The National Prohibition Act (P.L. 66-66, 41 Stat. 305), also known as the Volstead Act, was adopted by Congress in 1919 to implement the recently ratified Eighteenth Amendment to the Constitution of the United States. For nearly a century, temperance crusaders had attempted to impose abstinence from alcohol on American society, and the Volstead Act became the fullest expression of their effort. The act became as well known as the constitutional amendment on which it rested. In April 1933 Congress relaxed the terms of the Volstead Act, and for many Americans this represented the end of National Prohibition even before states completed the repeal of the Eighteenth Amendment eight months later.

The Eighteenth Amendment approved by Congress in December 1917 and eventually ratified by well over three-fourths of the states declared a national ban on the manufacture, sale, transportation, importation, and exportation of intoxicating liquors for beverage purposes to take effect one year after the amendment's ratification. A definition of intoxicating beverages as well as arrangements for enforcing their prohibition remained for Congress to establish. Because of the amendment's rapid ratification, completed January 16, 1919, federal legislators had reason to believe that the American public would welcome strong provisions for enforcement of Prohibition.

PROVISIONS OF THE ACT

Representative Andrew J. Volstead, a Minnesota Republican and chairman of the House Judiciary Committee, proposed that Congress adopt a Prohibition enforcement act. Both Volstead and Wayne Wheeler, legal counsel for the Anti-Saloon League of America, later claimed authorship of the act. Many of the act's provisions reflected standard Anti-Saloon League thinking. The first section of the act continued temporary wartime prohibition until the Eighteenth Amendment could go into effect. Preventing an orgy of drinking as soldiers returned from World War I was a prime Anti-Saloon League concern. The third section of the act regulated industrial and scientific use of alcohol. To prevent its diversion to drinkers, industrial alcohol was to be denatured, a process that renders it unfit for human consumption. The second section of the Volstead Act focused directly on implementing the constitutional beverage liquor ban.
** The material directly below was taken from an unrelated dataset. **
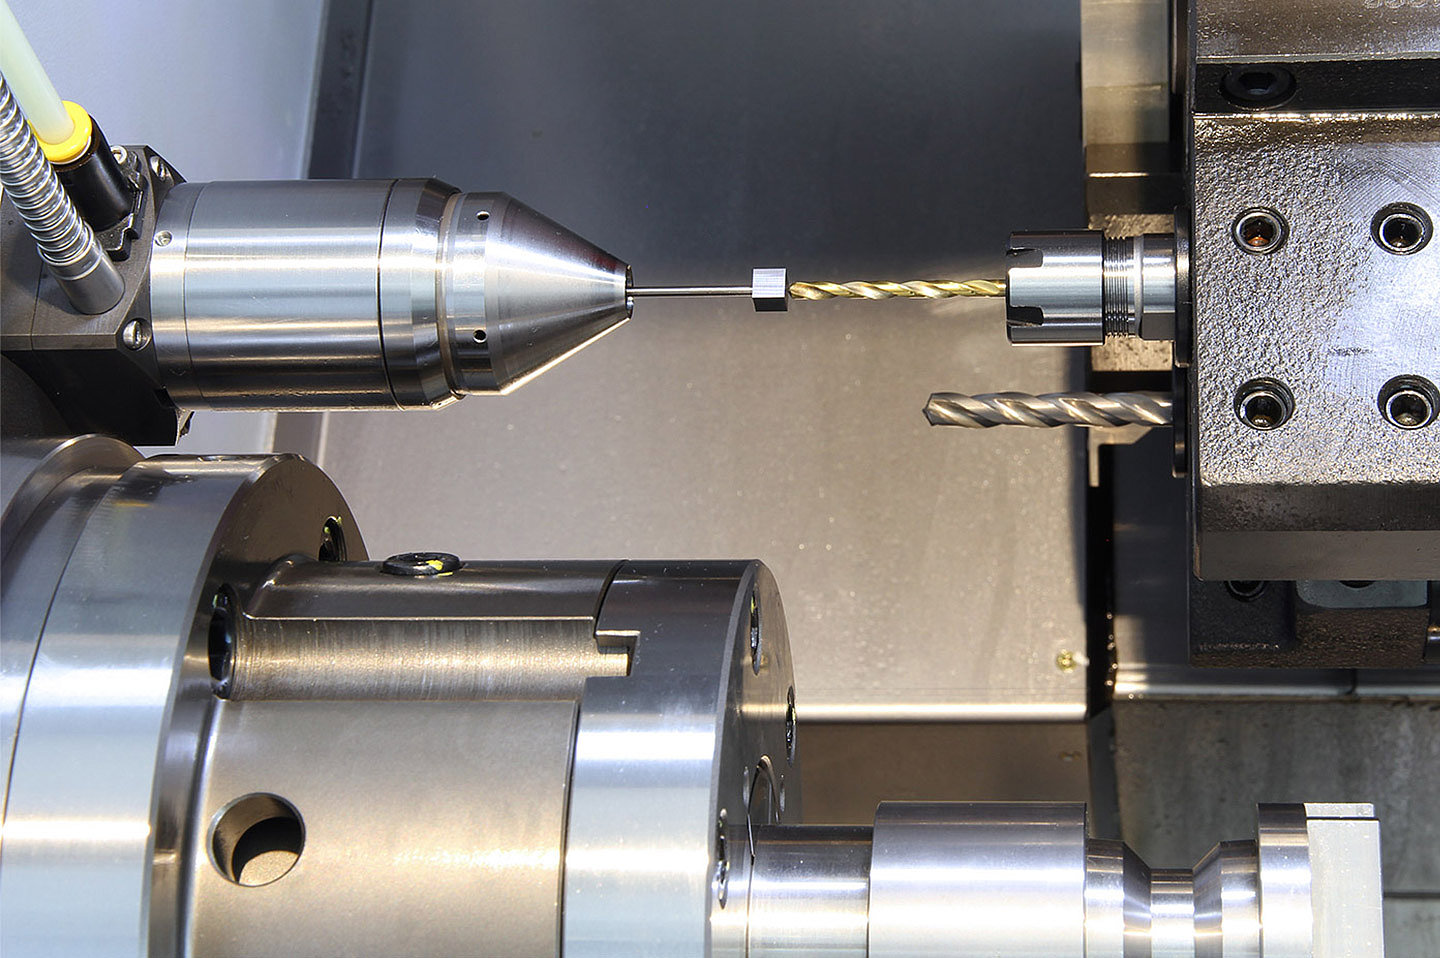 TC76 touch probe in tool measurement in a lathe

The Volstead Act's central section concentrated on preventing the manufacture, sale, and distribution of beverage alcohol. Violations were to be punished by fines of up to $1,000 (at time about two-thirds of median annual family income), imprisonment for up to six months, and forfeiture of vehicles used in the commission of the crime. However, the law did not directly forbid the consumption of intoxicating beverages. In fact, the Volstead Act specifically exempted wine used for religious sacraments and liquor prescribed by a physician as medicine. Over Anti-Saloon League objections, Congress also permitted continued private possession of alcoholic beverages purchased before Prohibition took effect as well as the home fermentation of fruit juices to produce cider or wine for personal use.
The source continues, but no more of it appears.